Despite these differences, neuromorphic systems face the same fundamental problem:
> **How to prevent critical information from being overwritten by new activity.**
This makes memory governance even more important in neuromorphic AI than in conventional architectures.
---
## Conceptual Mapping
MemorySafe concepts map to neuromorphic systems as follows:
| MemorySafe Concept | Neuromorphic Interpretation |
|--------------------|-----------------------------|
| Memory | Synaptic trace / state |
| Vulnerability (MVI)| Synaptic instability |
| Interference | Spike-driven plasticity |
| Replay | Spontaneous reactivation |
| Protection | Plasticity gating |
| Forgetting | Controlled synaptic decay |
MVI in this context estimates **how likely a synaptic pattern is to be erased by future spike activity**.
---
## Role of MVI in Neuromorphic Systems
In neuromorphic settings, MVI can be used to:
- gate synaptic updates,
- modulate learning rates,
- trigger consolidation,
- regulate plasticity windows,
- protect rare spike patterns.
This enables **intentional forgetting and protection**, rather than uncontrolled synaptic drift.
---
## Experimental Scope
The Loihi implementation in this repository is:
- research-oriented,
- exploratory,
- not part of the production MemorySafe API.

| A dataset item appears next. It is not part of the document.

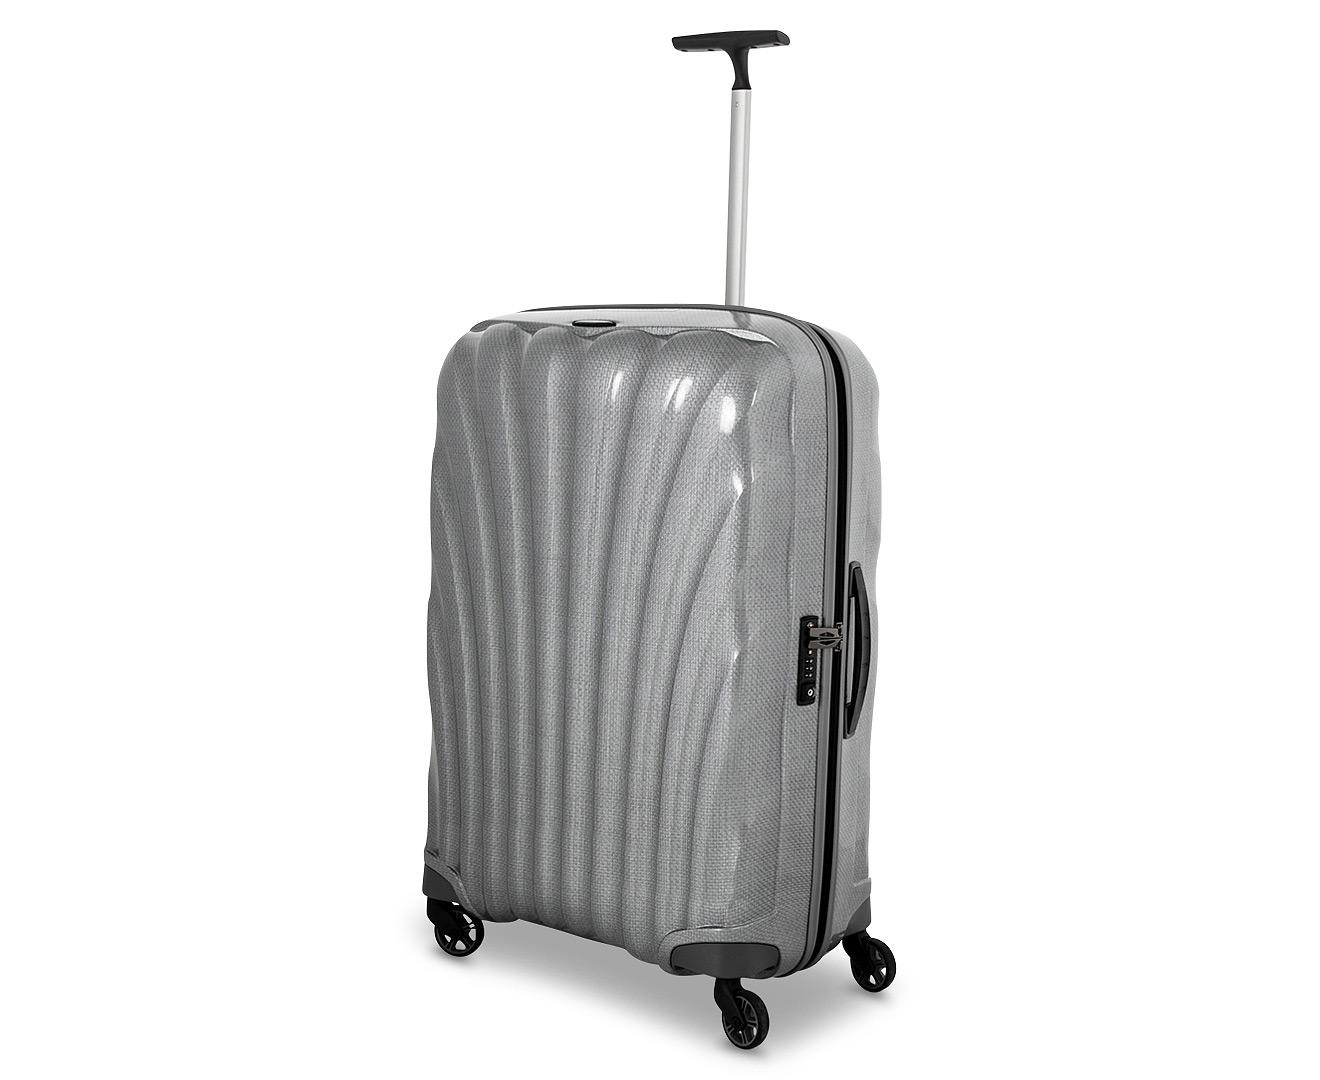 86774a0b438 Samsonite Cosmolite 3.0 Spinner 75cm FL2 Hardcase - Silver | Catch.com.au

It serves as a conceptual proof-of-compatibility between:
- memory governance principles,
- and neuromorphic learning systems.
---
## Why This Matters
Neuromorphic AI is expected to play a major role in:
- edge computing,
- robotics,
- low-power autonomous systems,
- brain-inspired hardware.
However, without memory governance, neuromorphic systems are:
- highly vulnerable to catastrophic forgetting,
- difficult to audit,
- unpredictable over long deployments.
MemorySafe provides a **unifying abstraction** for memory control across:
- deep learning,
- continual learning,
- and neuromorphic intelligence.
---
## Research Status
This module is experimental and intended for:
- conceptual exploration,
- academic research,
- future hardware integration.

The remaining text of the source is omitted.